* Aim of the exercise *
From the listing below, please restate exactly the lines beginning at the one with "ekonomiye göre değerlendirilmiştir." and ending at the one with "单身 男女 logo 玫瑰花标志", both included, and skip the pictures.

* Source data *
_ _ _ _

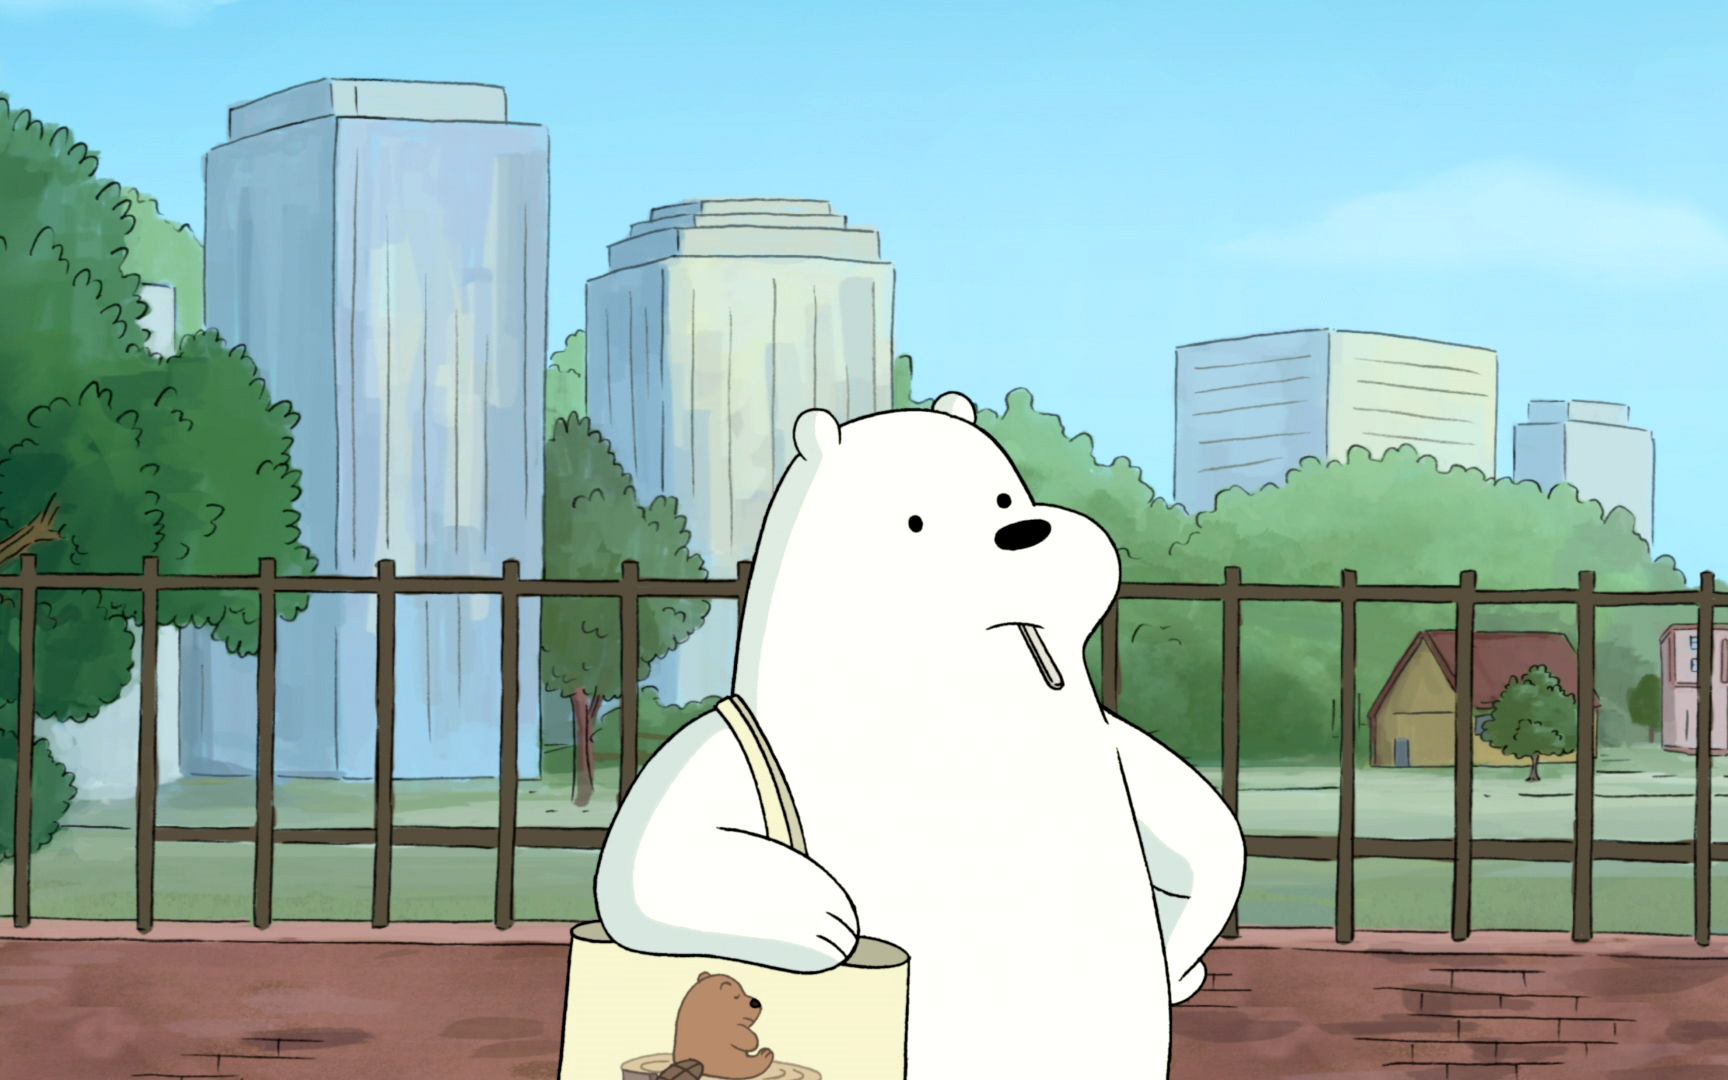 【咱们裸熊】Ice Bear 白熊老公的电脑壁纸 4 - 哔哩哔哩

_ _ _ _

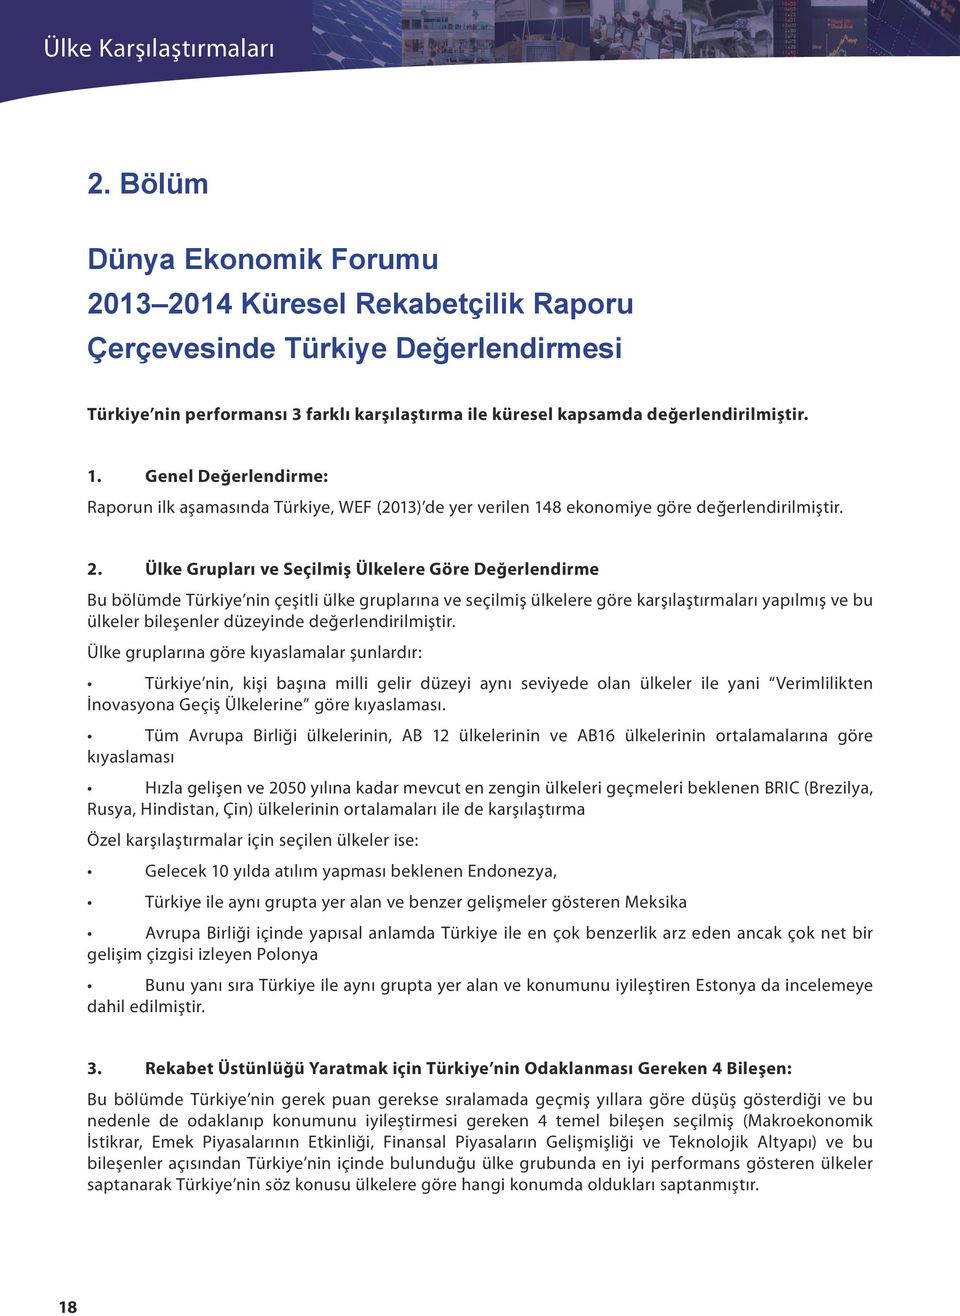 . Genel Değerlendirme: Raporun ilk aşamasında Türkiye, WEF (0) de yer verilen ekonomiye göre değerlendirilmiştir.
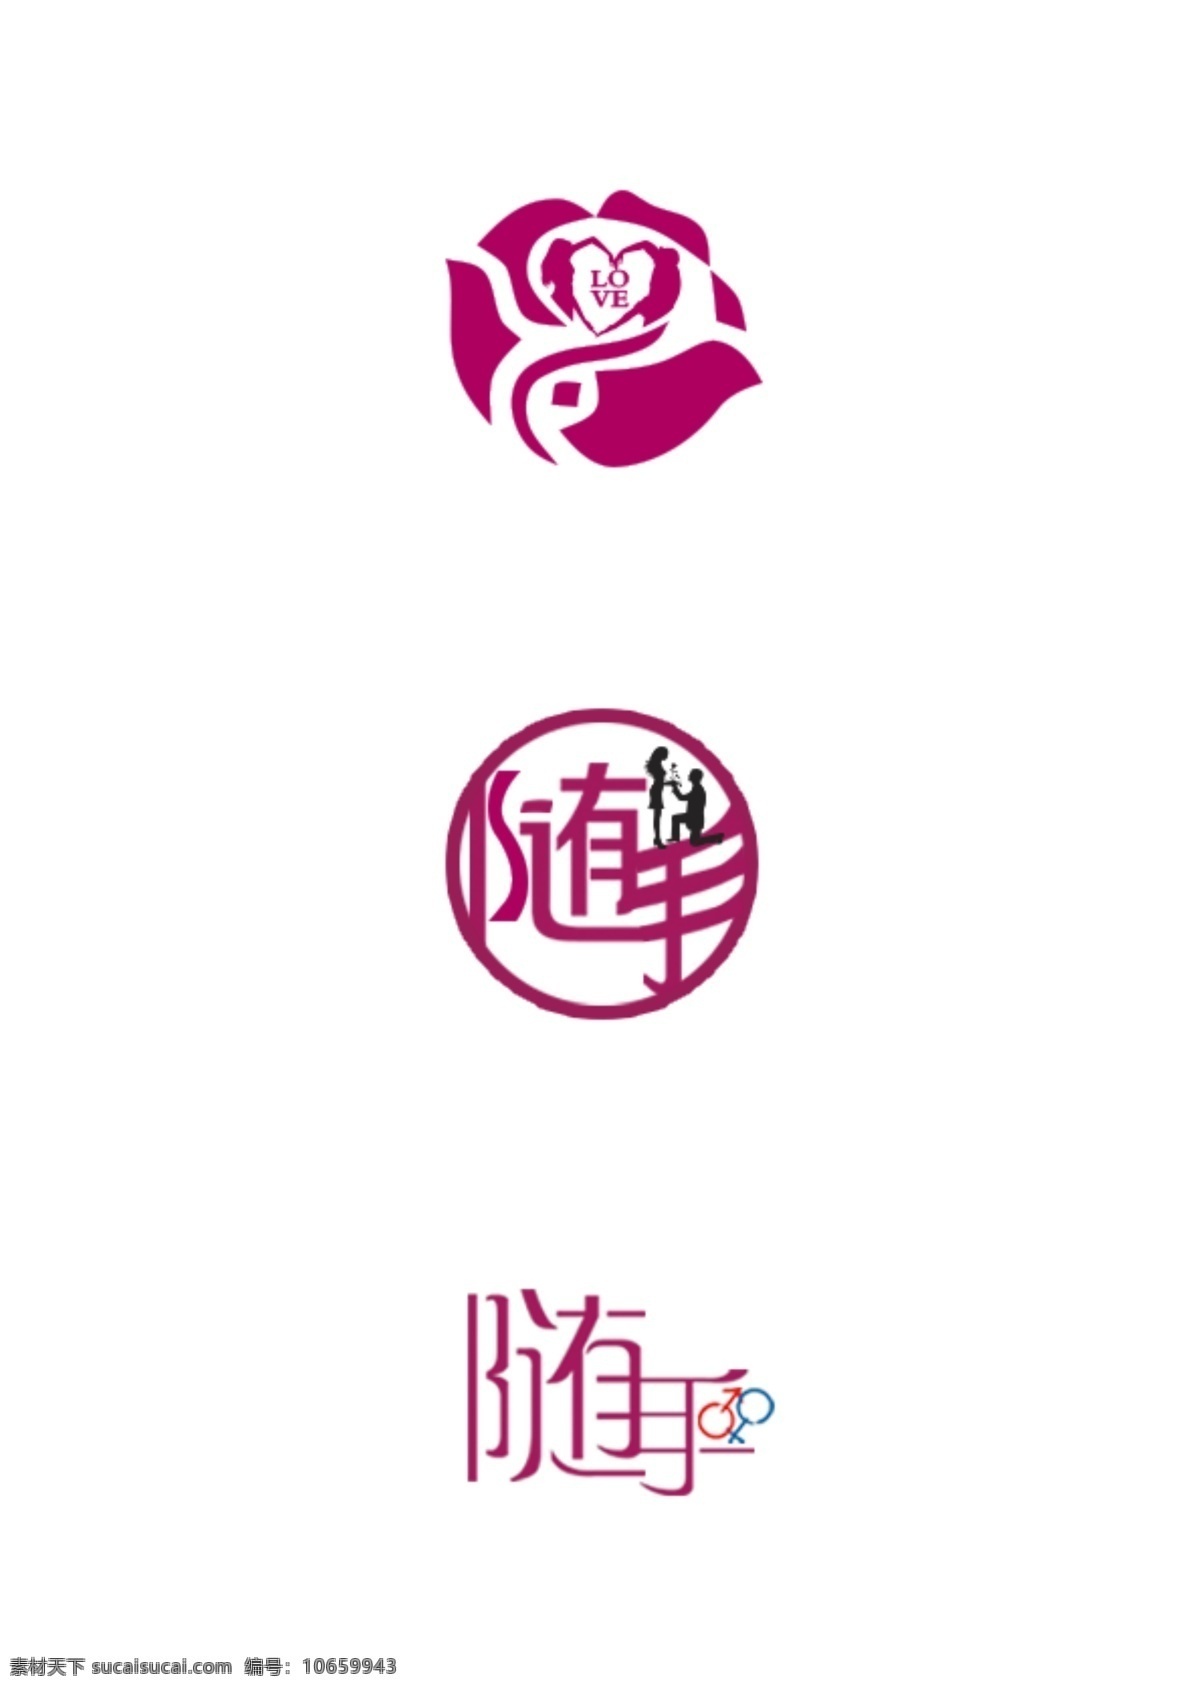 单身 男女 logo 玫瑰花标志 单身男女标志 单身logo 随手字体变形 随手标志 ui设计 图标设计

_ _ _ _

* Answer to this task *
 . Genel Değerlendirme: Raporun ilk aşamasında Türkiye, WEF (0) de yer verilen ekonomiye göre değerlendirilmiştir.
 单身 男女 logo 玫瑰花标志 单身男女标志 单身logo 随手字体变形 随手标志 ui设计 图标设计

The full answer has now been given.